## Material for this task
+===+

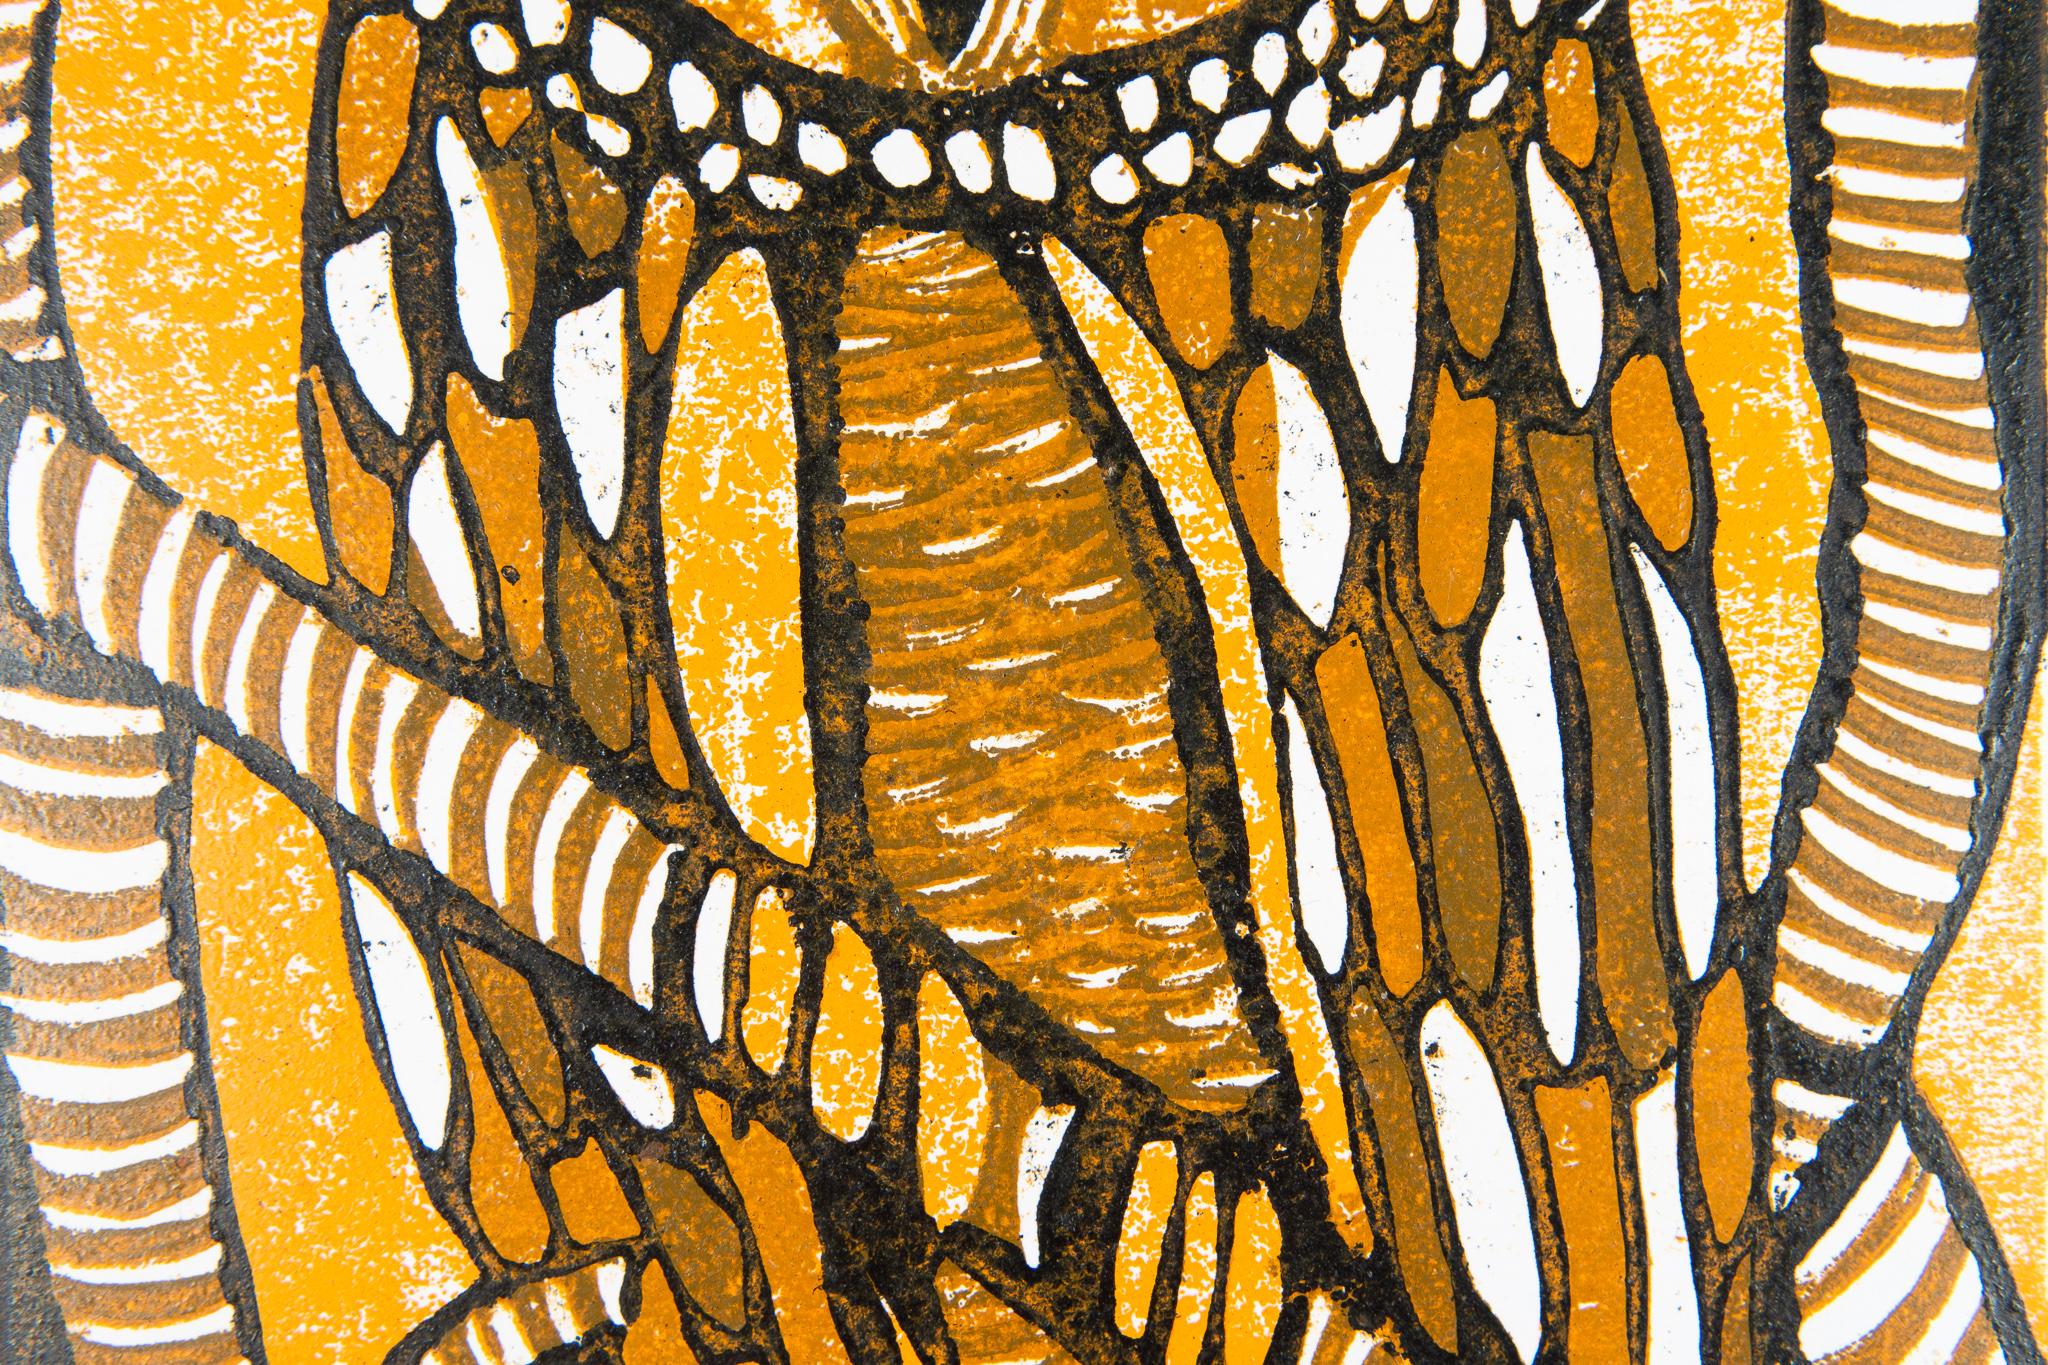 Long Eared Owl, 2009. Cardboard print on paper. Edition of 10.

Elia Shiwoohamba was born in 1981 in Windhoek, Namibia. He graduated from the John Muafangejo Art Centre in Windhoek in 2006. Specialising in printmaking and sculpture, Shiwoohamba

+===+

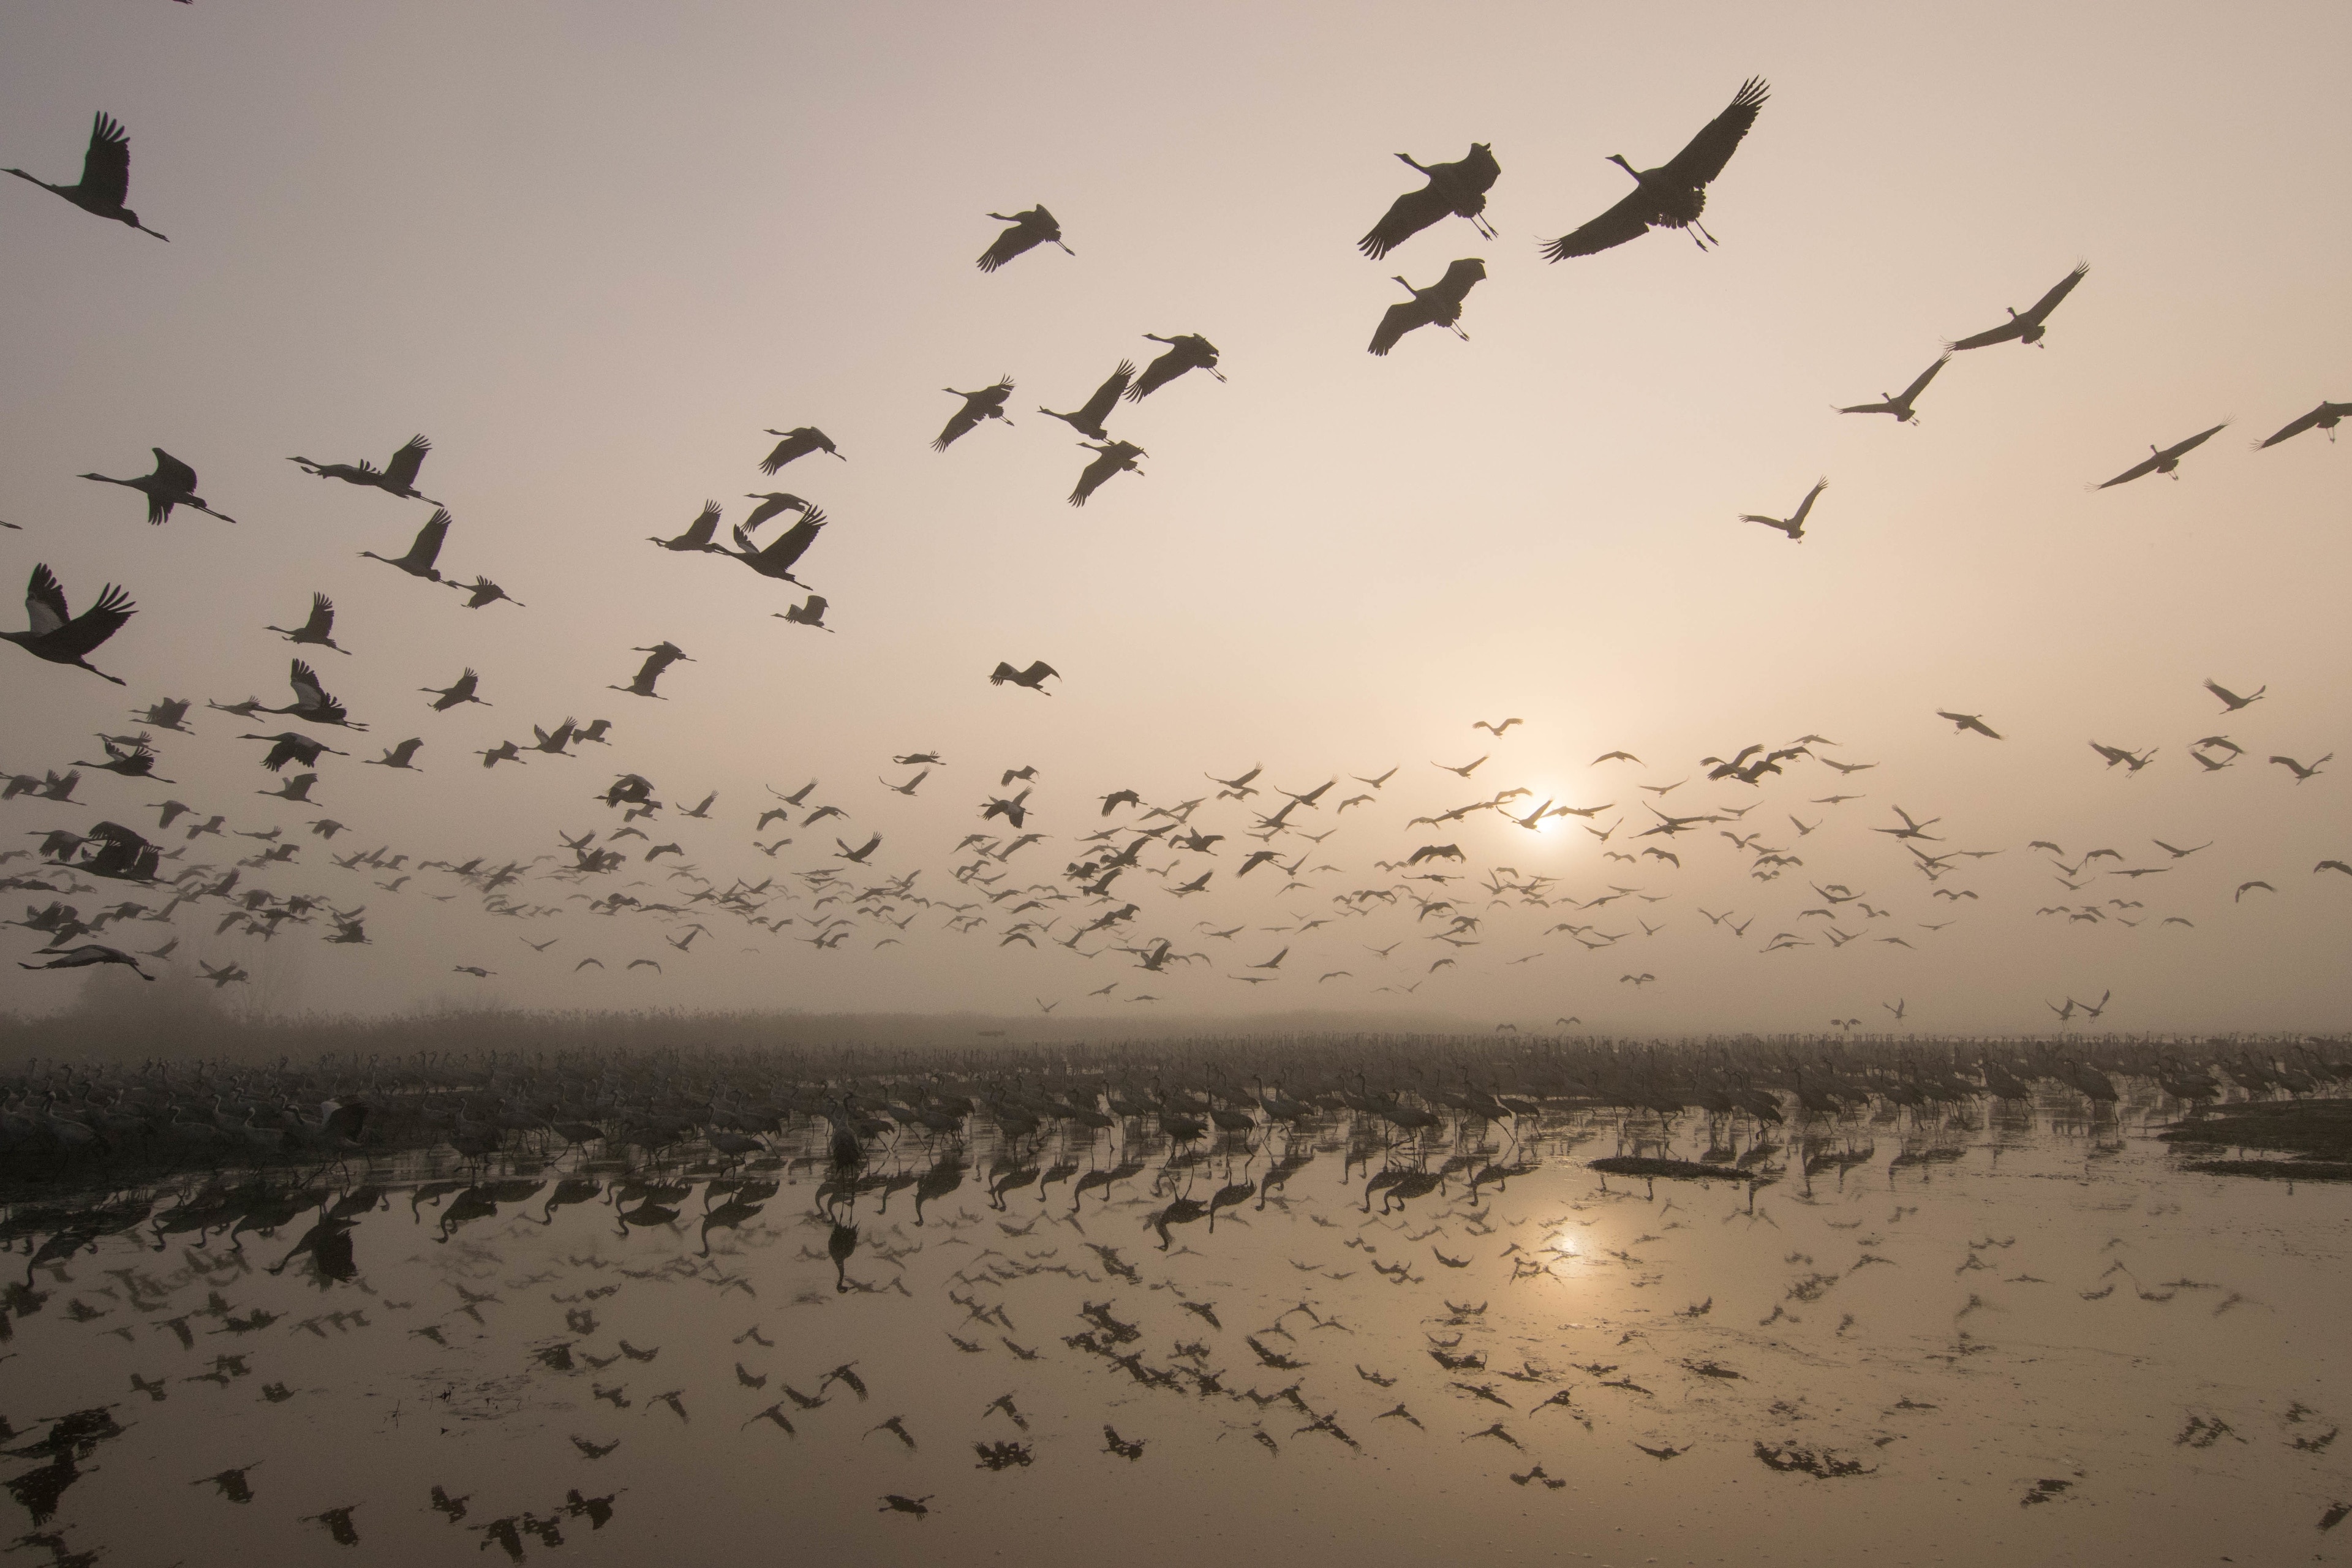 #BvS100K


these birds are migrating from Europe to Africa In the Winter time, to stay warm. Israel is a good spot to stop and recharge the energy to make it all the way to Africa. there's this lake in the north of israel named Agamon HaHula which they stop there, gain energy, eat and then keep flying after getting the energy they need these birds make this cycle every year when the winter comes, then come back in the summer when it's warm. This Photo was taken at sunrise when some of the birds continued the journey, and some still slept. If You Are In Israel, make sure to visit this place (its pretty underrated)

+===+

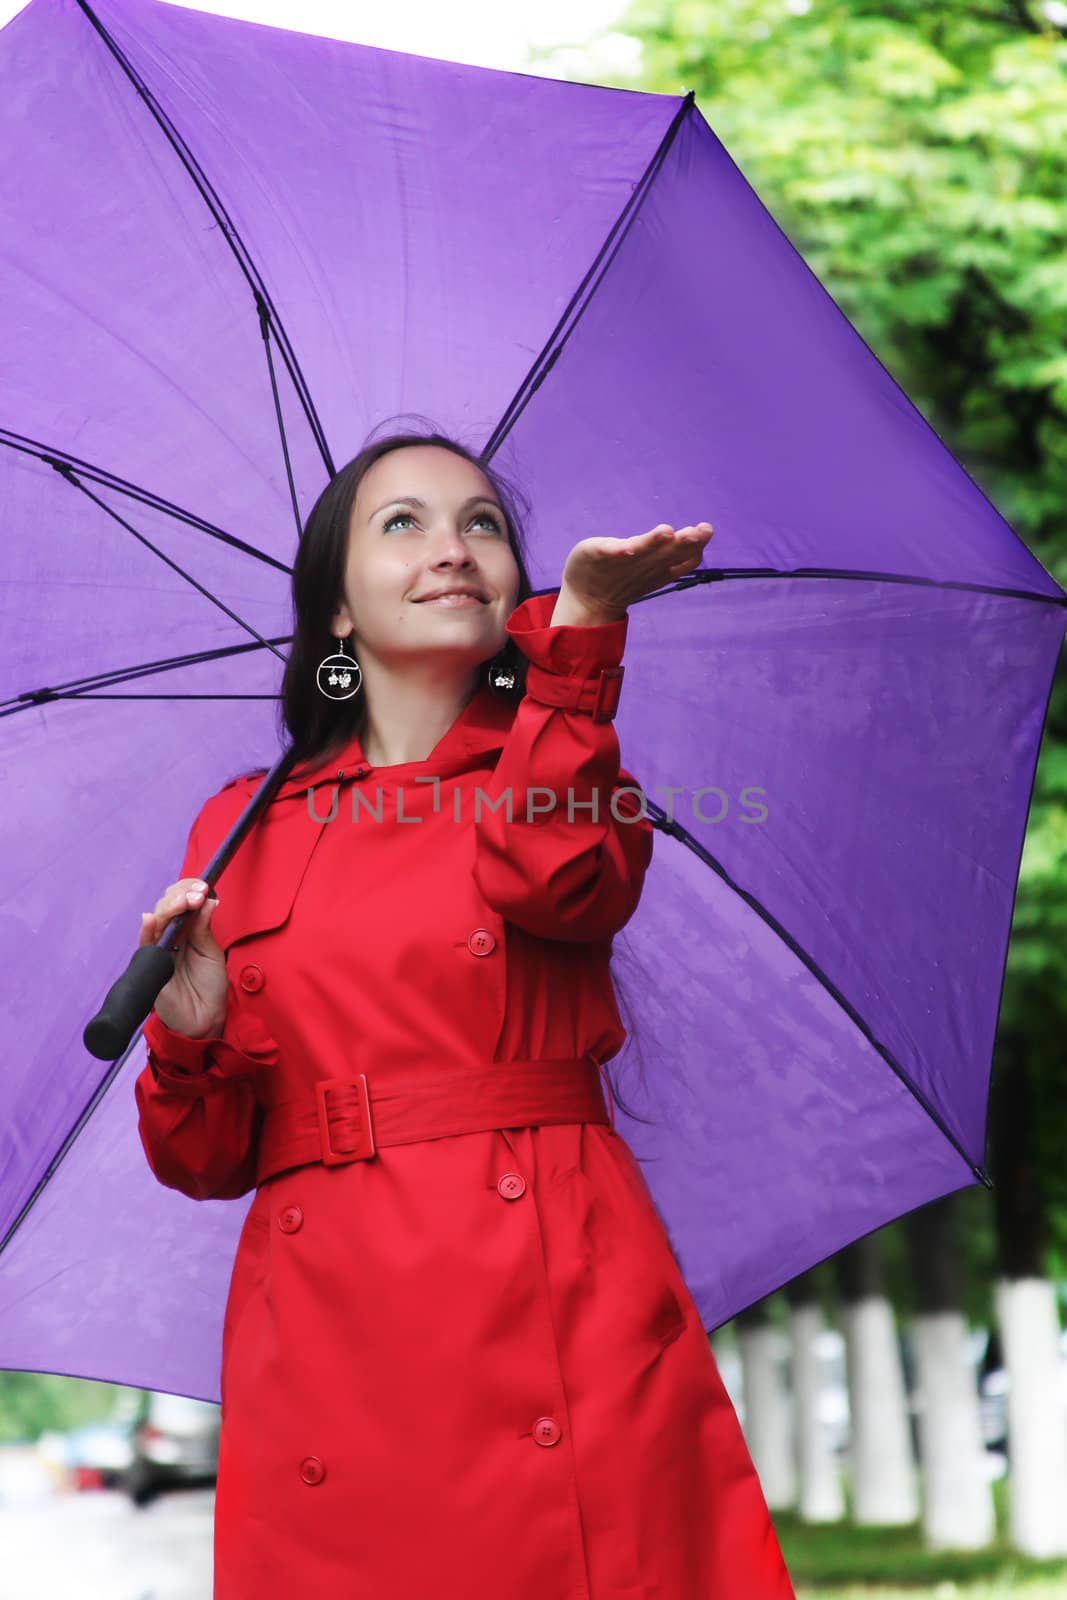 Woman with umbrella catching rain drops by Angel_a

+===+

## What is needed
For the records above, state the number of lines holding the string "from", without further comment.

## Response to this exercise
2